On the other hand, setting realistic goals can help you to stay motivated and on track. For example, setting a goal to exercise for 30 minutes a day, three times a week, is a realistic goal that is achievable for most people. Similarly, setting a goal to lose 1-2 pounds per week is a realistic and achievable goal for weight loss.
In addition to setting realistic goals, it is also important to break down larger goals into smaller, manageable steps. For example, if your goal is to run a half marathon, you can start by setting smaller goals, such as running for 15 minutes a day, and gradually increasing the duration and intensity of your workouts.
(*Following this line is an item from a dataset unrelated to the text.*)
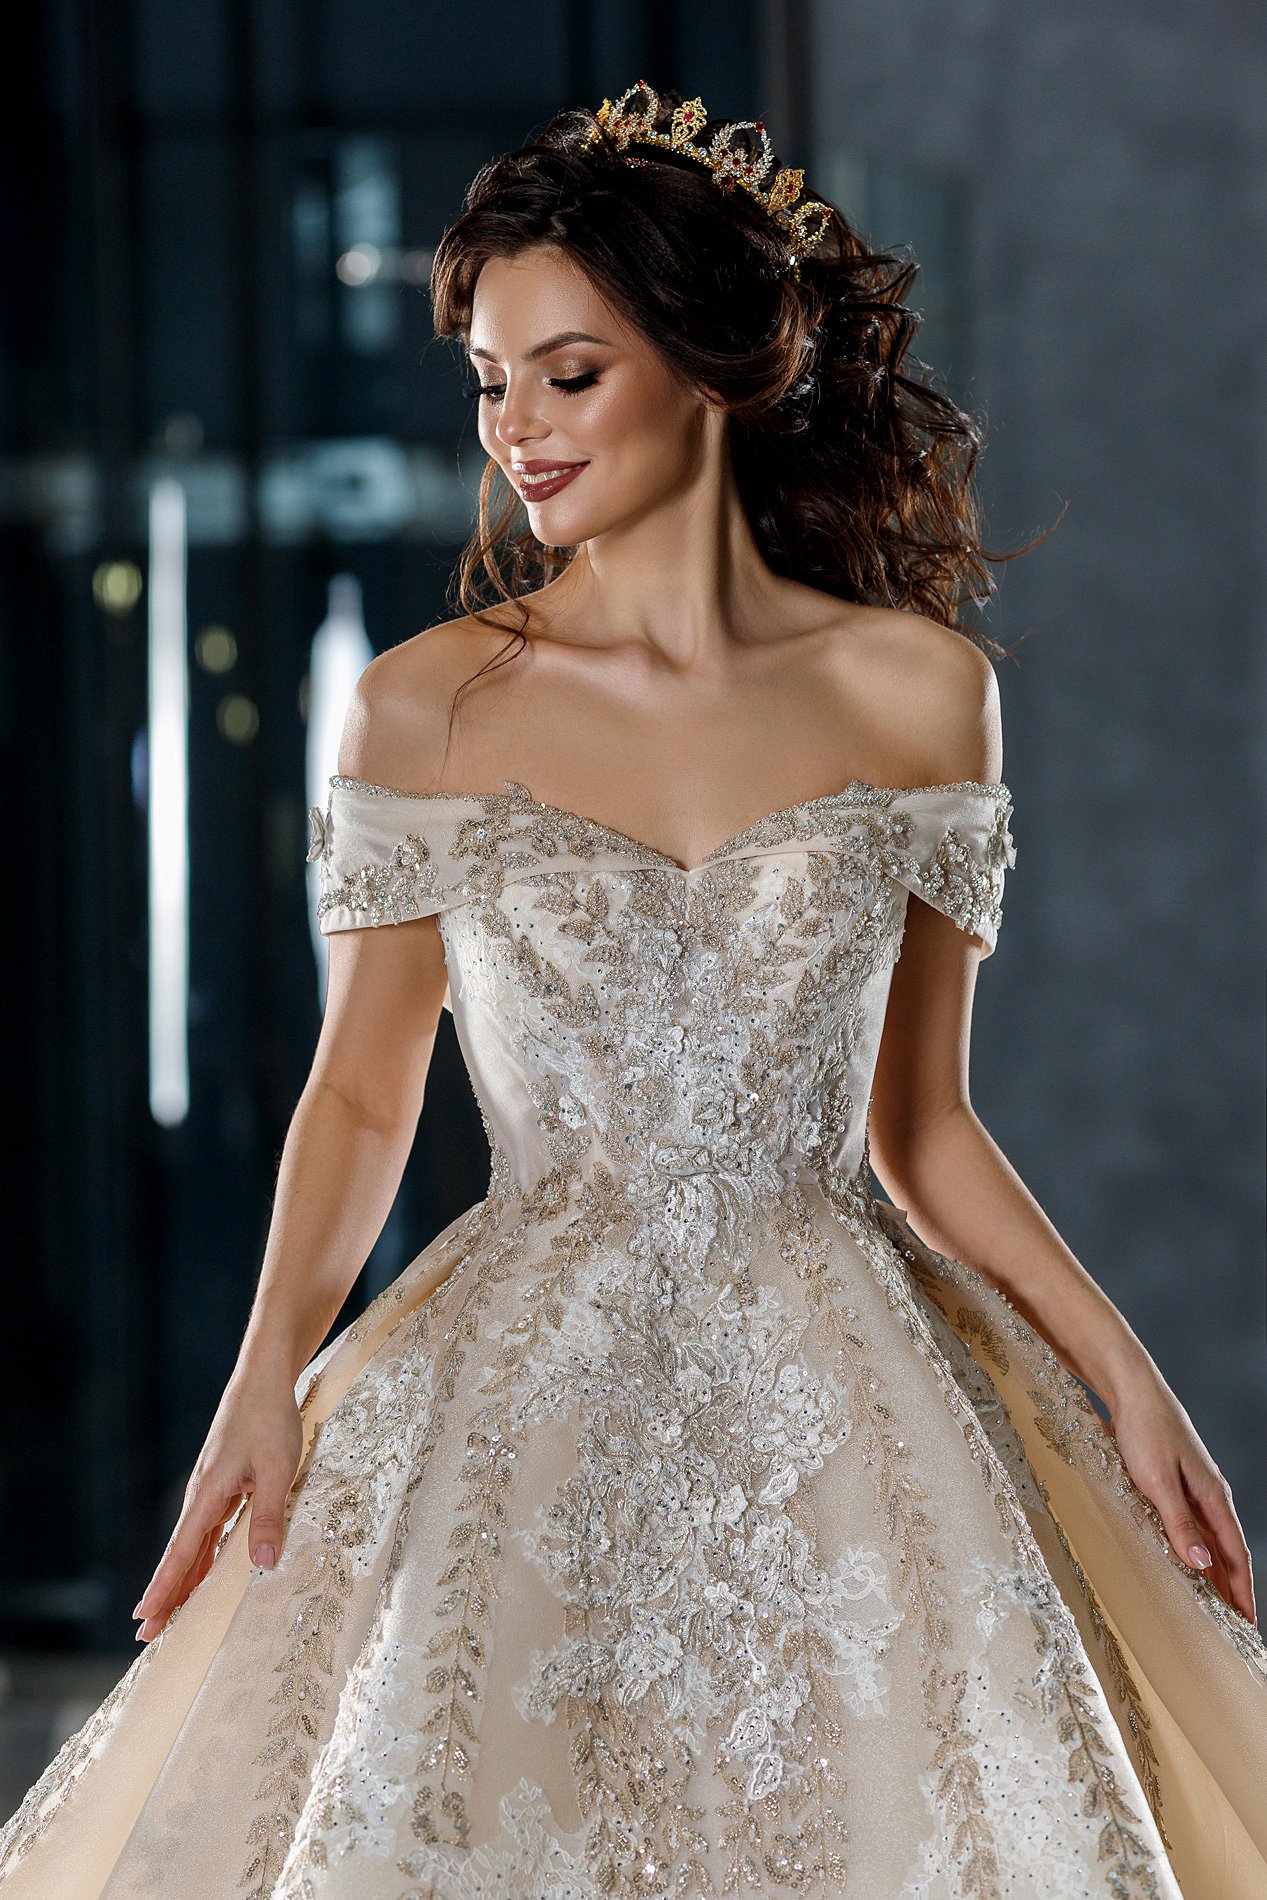 невеста, портрет, свадебное платье, красота, корона, wedding. dress, model, beauty, luxury, Анастасия Косарева

Finally, it is important to track progress and celebrate successes along the way. By tracking progress, you can see how far you have come and stay motivated to continue towards your goals. Celebrating successes, no matter how small, can help to reinforce positive behaviors and maintain motivation.
Setting realistic goals is an important aspect of a successful workout routine. By setting achievable goals, you can maintain motivation, stay on track towards your fitness and health objectives, and experience a sense of accomplishment and satisfaction with your progress.
Conclusion:
Starting a workout routine can be a daunting experience, but it is essential to remember that progress takes time and consistency. By understanding these ten things, you will be able to approach your fitness journey with more knowledge and confidence. Remember to listen to your body, set realistic goals, fuel your body with the right nutrients, and most importantly, enjoy the process. With these tips, you will be well on your way to achieving your fitness goals and living a healthy, active lifestyle.